Отчего бы это? И, как утопающий за соломинку, уцепился за пришедшее в голову объяснение — посетитель мог оказаться двоюродным племянником Генерального. Кто-то вроде что-то такое говорил, что тот разбился недавно на мотоцикле, что ли. «Да, но при чем тут Буня? Буня-то в таком случае при чем?» — ехидно вопросил внутренний голос, но Фофанов решил его проигнорировать, а то у него и так от происходящего голова разболелась.
— Спать пора, — сказал вслух.
Забинтованный покорно кивнул головой, заерзал на стуле, неуклюже попытался засунуть бумажки с рисунками в свои бинты, потерпел в этих попытках поражение, горестно вздохнул, огляделся вокруг, не нашел, видимо, куда еще их пристроить, и в итоге сложил листочки на тумбочку в изголовье фофановской кровати. Фофанов было запротестовал, но посетитель быстренько встал, заковылял к выходу… «Пусть себе, — подумал Фофанов, — пусть себе уходит, а то еще пристанет снова, сумасшедший. А рисунки я ему через медсестру потом передам».
Когда забинтованный исчез наконец за дверью, Фофанов испытал невероятное облегчение. «Можно книжку почитать, и баиньки. «Время» сегодня смотреть не буду, мне и так уже нервы потрепали, почитаю Булгакова — и на боковую». И уже извлек Фофанов книгу, как всегда, с физическим почти наслаждением представляя себе, как погрузится сейчас в очередной раз в свой любимый «Театральный роман», как в дверь опять постучали, и вошла Олечка с набором лекарств и травяным чаем на тележке. И тут же выяснилось, что передать через нее рисунки не удастся.
— Куда ваш посетитель делся? — удивилась она. — Ой, извините, поняла!
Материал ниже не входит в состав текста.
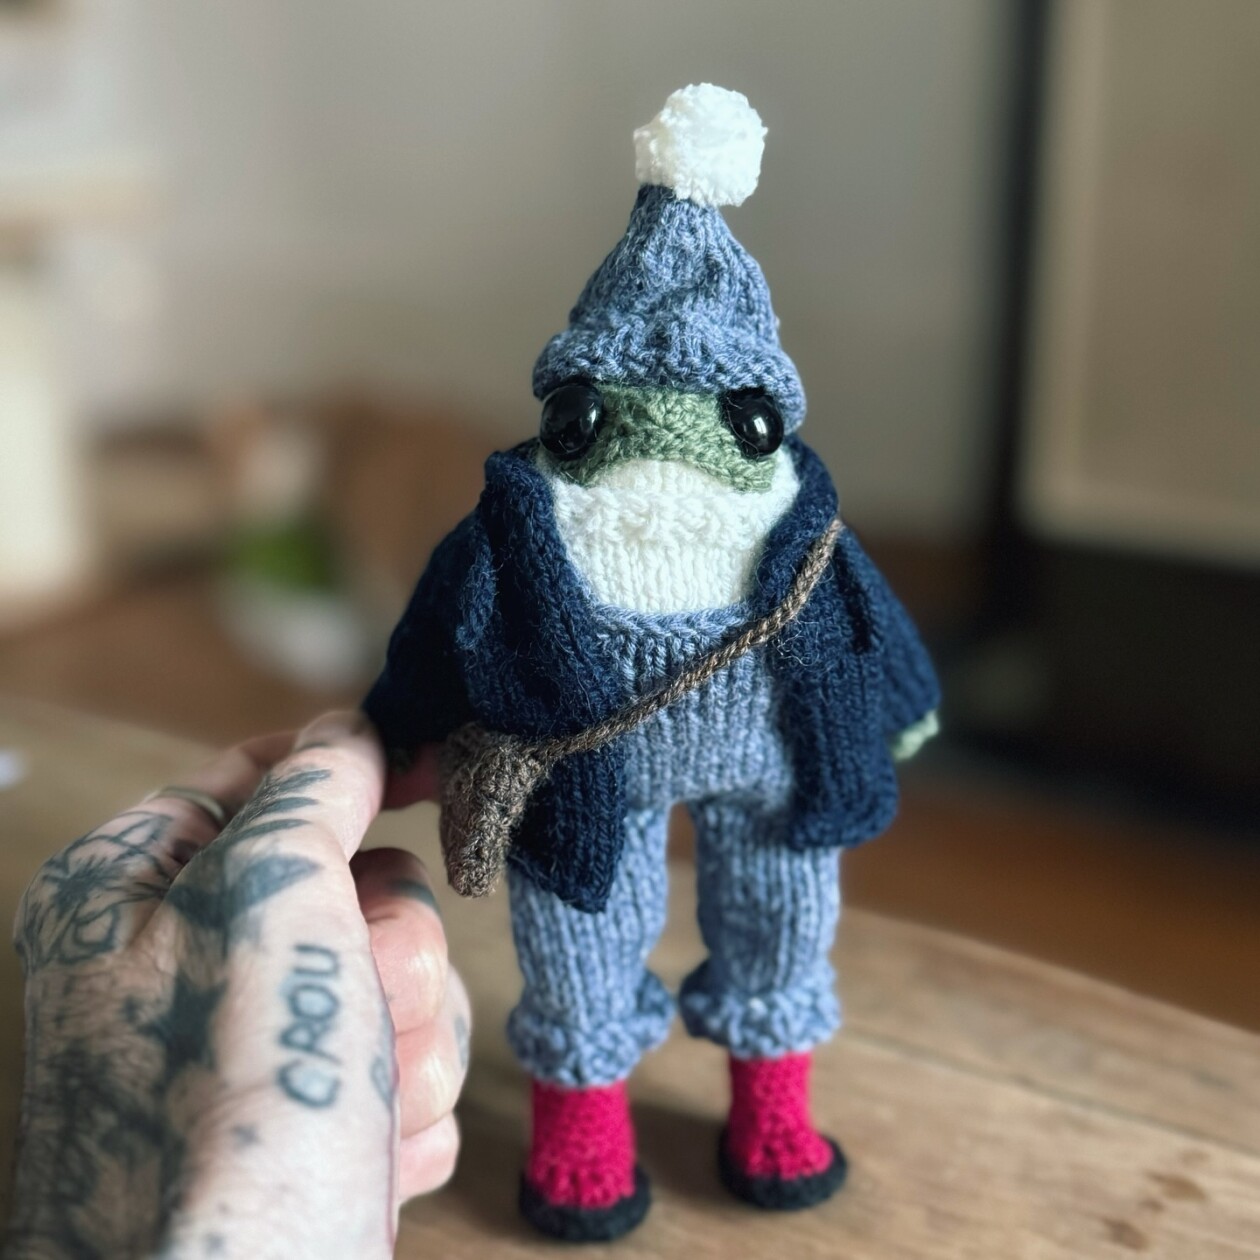 Enchanting Anthropomorphized Frog Crochet Patterns By Elliot (8)

И медсестра показала головой на дверь туалета и хихикнула. Видно, ей звук какой-то почудился, оттуда идущий.
— Да нет, — чуть раздраженно сказал Фофанов. — Никого там нет. Товарищ ушел уже.
— Как ушел? Мимо поста никто не проходил.
— Так он, наверно, направо ушел, в палату свою.
— В какую палату, Григорий Ильич? У нас на этаже, кроме вас, никого нет сейчас…
— Ну, значит, вы не заметили, как он мимо вас пробрался.
Медсестра ничего не сказала, только поджала губы: дескать, зря обижаете, никто мимо меня не прошмыгнул бы, да что толку с вами спорить. Молча стала расставлять мензурки на тумбочке, потом заметила рисунки, не выдержала, сказала:
— Ой, как здорово вы рисуете, Григорий Ильич!
Фофанов покосился на оставленные забинтованным листы, пробормотал:
— Да нет, куда там… я и круга-то ровного начертить не способен… Не то что такое…
— Ой, а кто же тогда так рисует? В семье вашей кто-то?